A = g.get_adjacency_sparse()

which is the scipy CSR sparse matrix. The Katz centrality is given by

\[\mathbf{c} = \beta \mathbf{1} + \alpha \mathbf{A} \mathbf{c}\]

So, how do we solve this? We can use a linear solver but here we will use a simple method:

  1. Initialize \(\mathbf{c}\) with a random vector.

  2. Compute the right hand side of the equation and update \(\mathbf{c}\).

  3. Repeat the process until \(\mathbf{c}\) converges.

Let’s implement this.

import numpy as np

alpha, beta = 0.1, 0.05 # Hyperparameters
n_nodes = g.vcount() # number of nodes
c = np.random.rand(n_nodes, 1) # column random vector

for _ in range(100):
    c_next = beta * np.ones((n_nodes, 1)) + alpha * A * c
    if np.linalg.norm(c_next - c) < 1e-6:
        break
    c = c_next
print(c)
[[0.06338729]
 [0.06338729]
 [0.07048543]
 [0.07807918]
 [0.06423108]
 [0.06423108]
 [0.08184309]
 [0.07474496]
 [0.07474496]
 [0.09085938]
 [0.05908602]
 [0.05908602]
 [0.05908602]]
  • Does the centrality converge?

  • Change the hyperparameter and see how the result changes 😉 If the centrality diverges, think about why it diverges.

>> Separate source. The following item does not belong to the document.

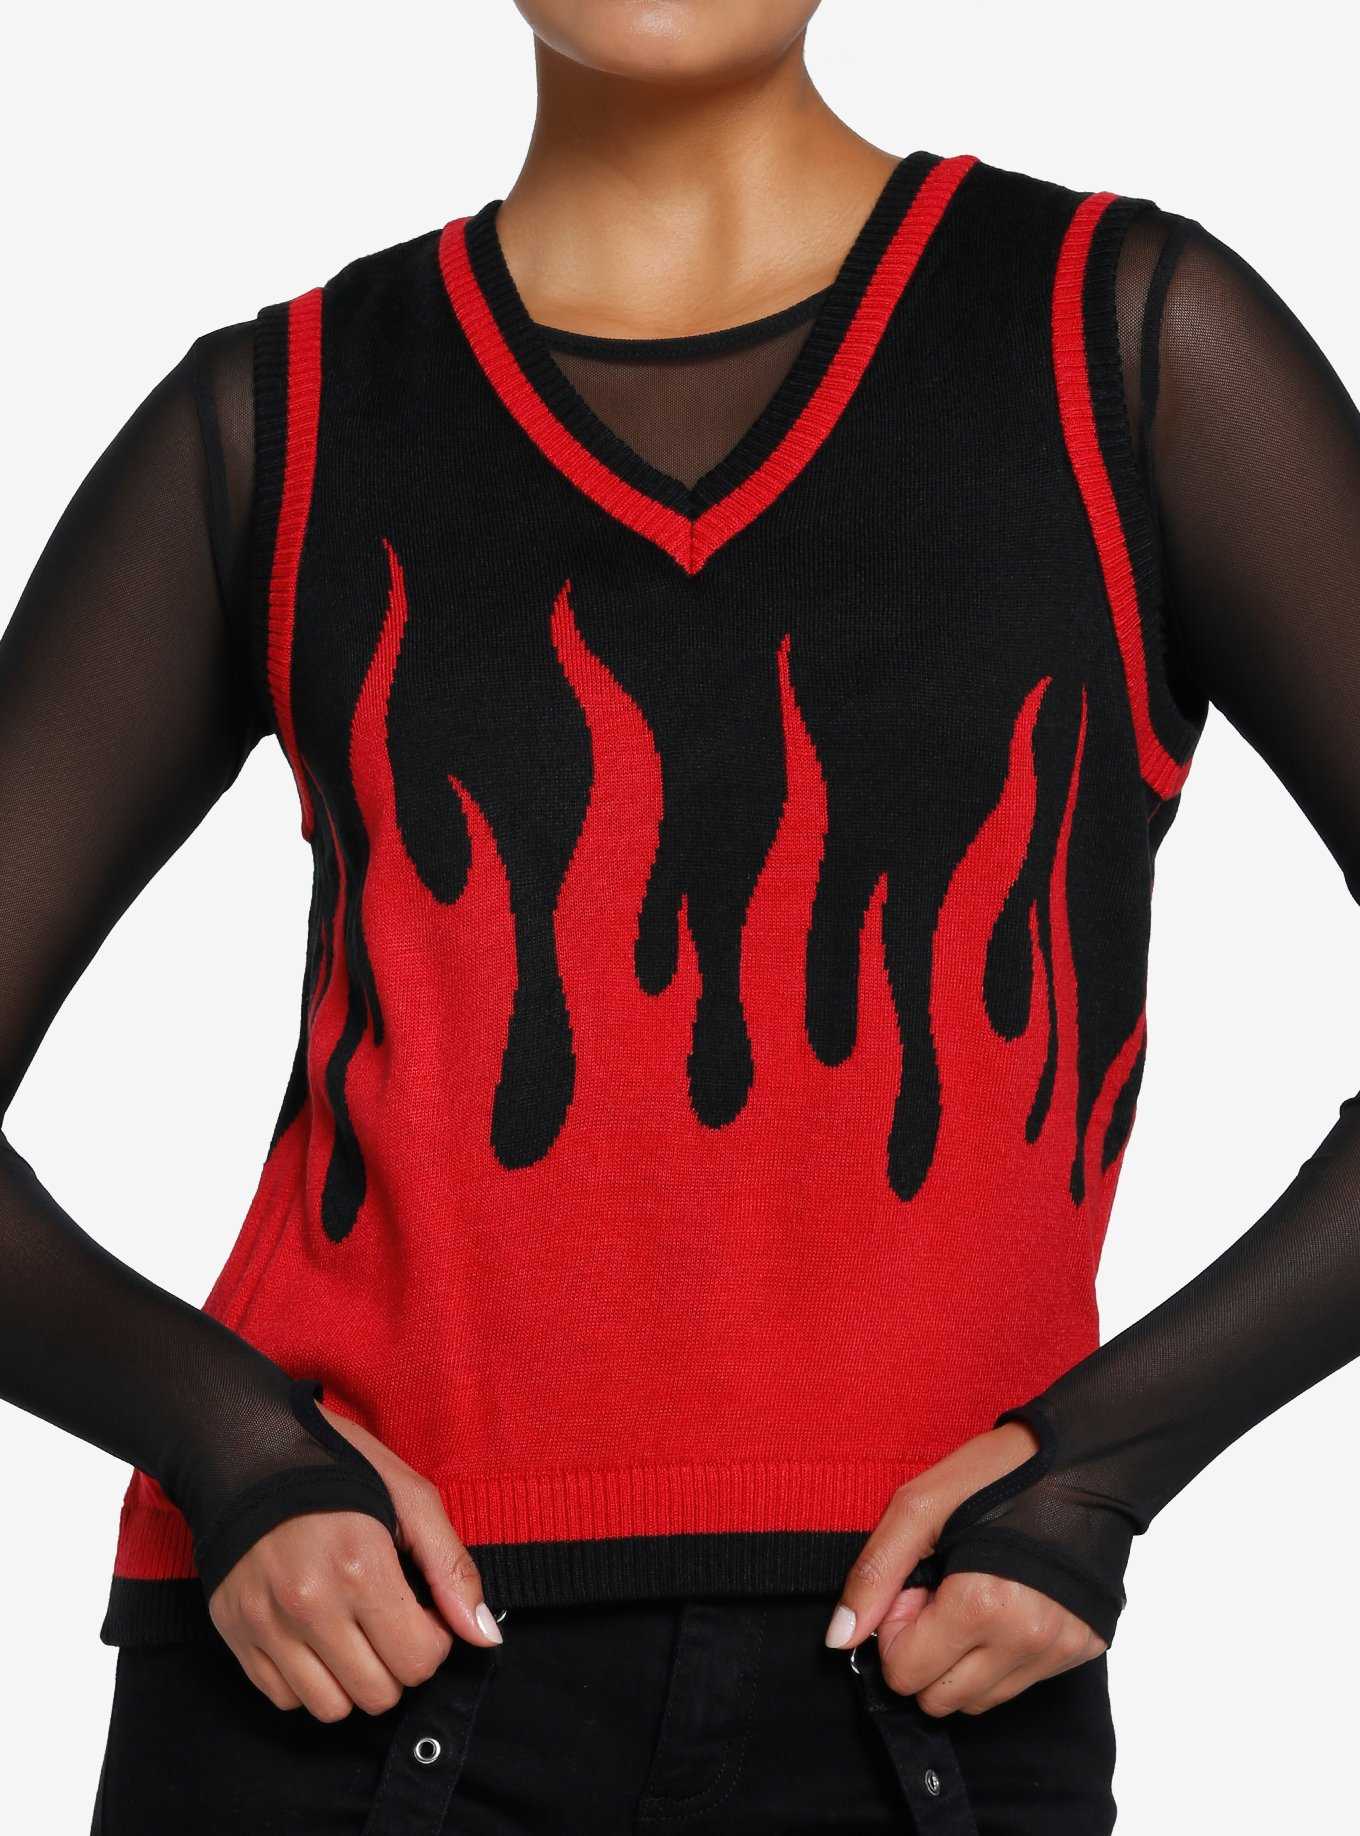 Social Collision Black & Red Flame Girls Sweater Vest, , hi-res
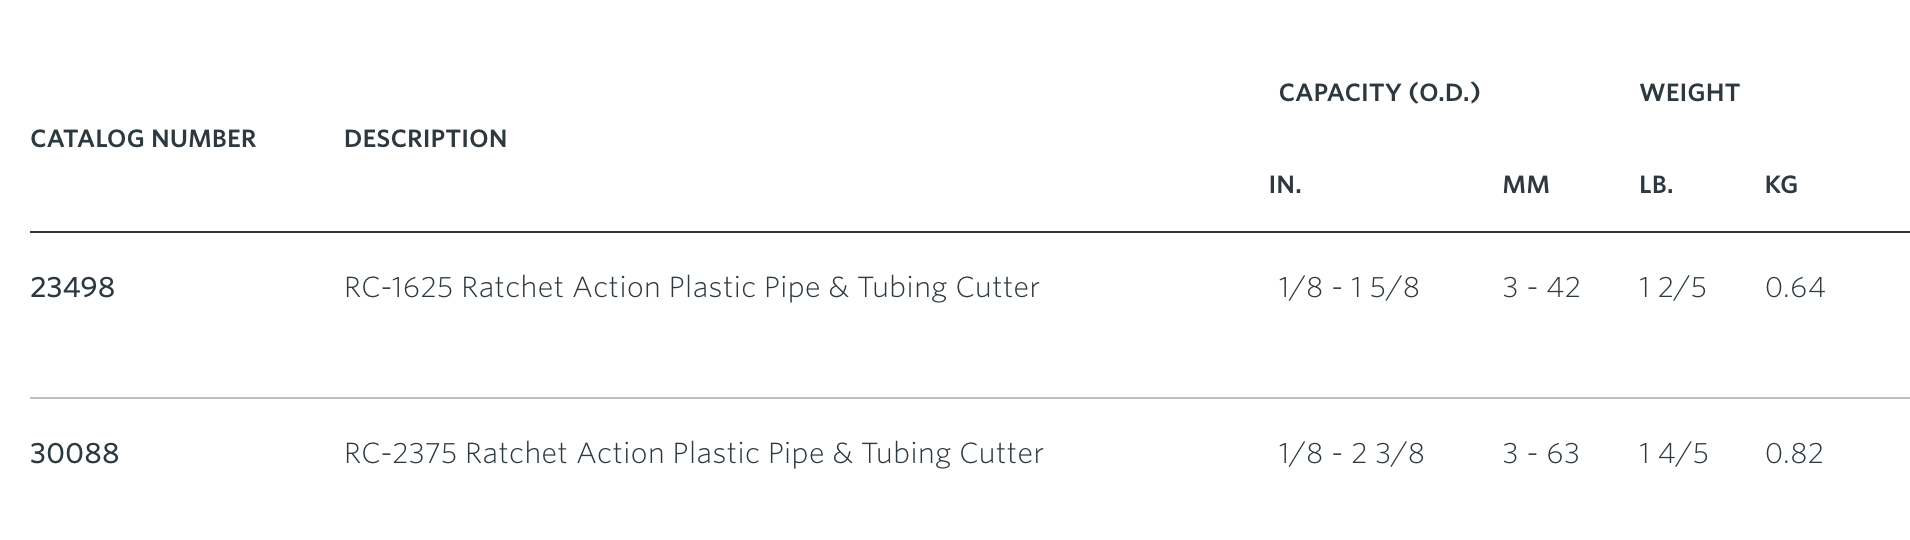 Ridgid Plastic Pipe Tubing Cutter

Hint: Katz centrality can be analytically computed by

\[\mathbf{c} = \beta \left(\mathbf{I} - \alpha \mathbf{A} \right)^{-1} \mathbf{1}\]

Exercise (Optional)#

Compute the PageRank centrality of this graph

Network of ancient Roman roads#

Load the data & construct the network#

import pandas as pd

root = "https://raw.githubusercontent.com/skojaku/adv-net-sci/main/data/roman-roads"
node_table = pd.read_csv(f"{root}/node_table.csv")
edge_table = pd.read_csv(f"{root}/edge_table.csv")

The node table:

node_table.head(3)
node_id lon lat
0 0 12.506 41.875
1 1 12.470 41.904
2 2 12.471 41.881

The edge table:

edge_table.head(3)
src trg
0 1785 358
1 1785 1771
2 1771 350

Let’s construct a network from the node and edge tables.

import igraph

g = igraph.Graph() # create an empty graph
g.add_vertices(node_table["node_id"].values) # add nodes
g.add_edges(list(zip(edge_table["src"].values, edge_table["trg"].values))) # add edges

which looks like this:

coord = list(zip(node_table["lon"].values, -node_table["lat"].values))
igraph.plot(g, layout = coord, vertex_size = 5)
../_images/509d8506cef1bff1c3c21adbd595cf8a75eec780f148d7f9789cabb68ebd3064.svg

Exercise 🏛️#

  1. Compute the following centrality measures:

    • Degree centrality 🔢

    • Eigenvector centrality

    • PageRank centrality

    • Katz centrality

    • Betweenness centrality

    • Closeness centrality

  2. Plot the centrality measures on the map and see in which centrality Rome is the most important node. 🗺️🏛️ (as beautiful as possible!!)